● How to complete this task:
Would you please repeat exactly the entries below, starting at the line with "T6,T7 Series Vane Pump" and ending at the line with "Korsakov S.Psychiatry course.2nd", and nothing outside that range? Leave out the pictures.

● Information shown:
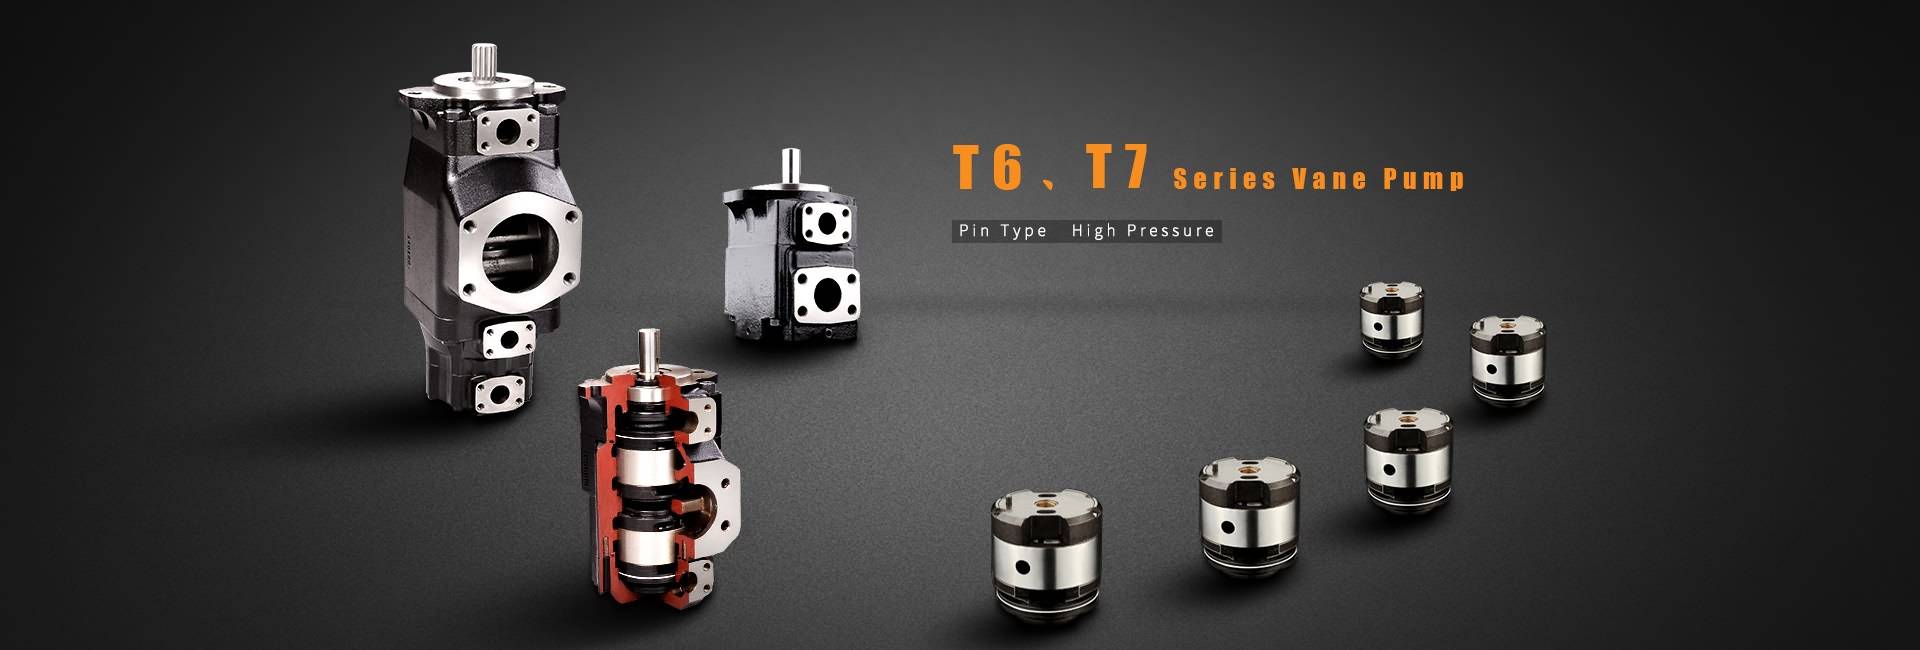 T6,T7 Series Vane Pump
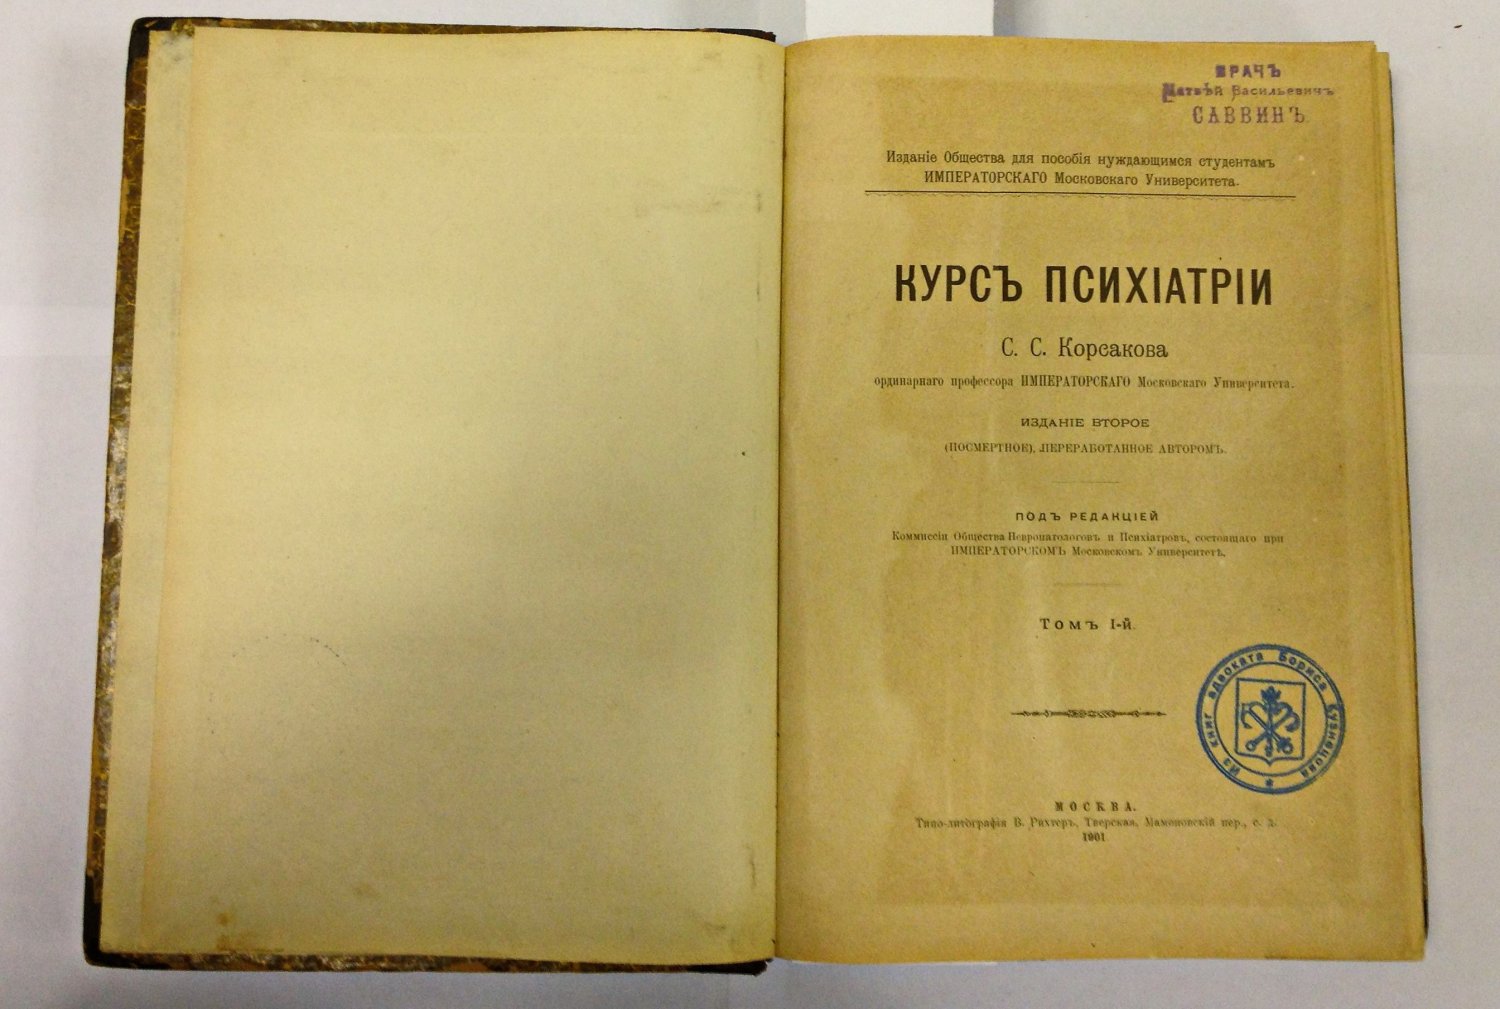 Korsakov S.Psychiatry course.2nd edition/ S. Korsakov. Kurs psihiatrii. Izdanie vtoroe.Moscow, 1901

* * *

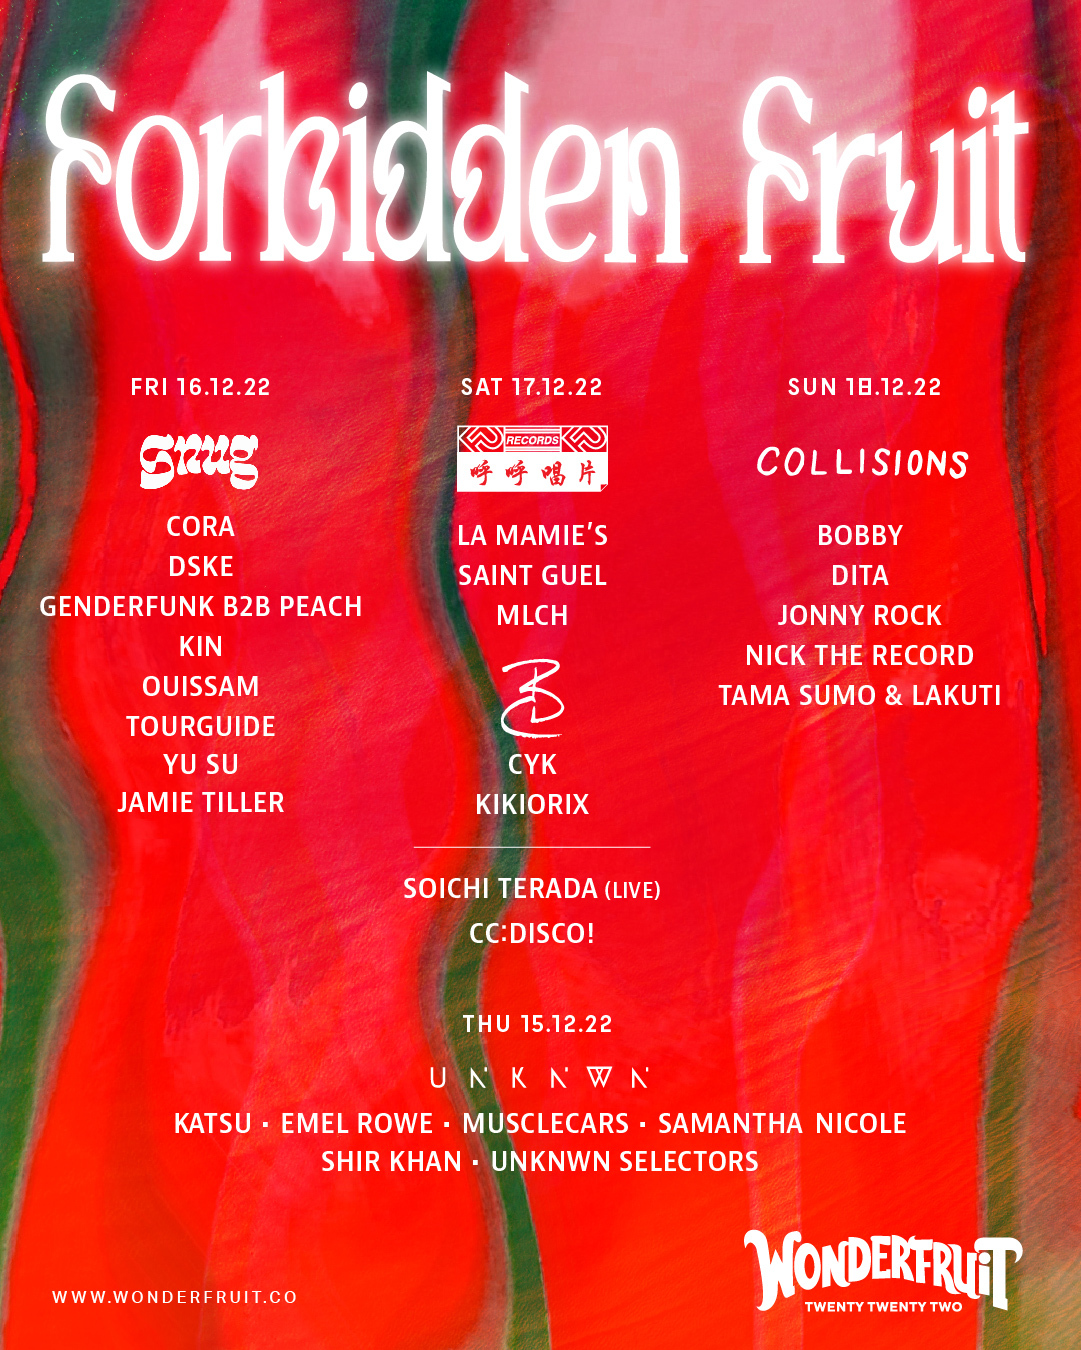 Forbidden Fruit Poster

● Answer to this problem:
 T6,T7 Series Vane Pump
 Korsakov S.Psychiatry course.2nd edition/ S. Korsakov. Kurs psihiatrii. Izdanie vtoroe.Moscow, 1901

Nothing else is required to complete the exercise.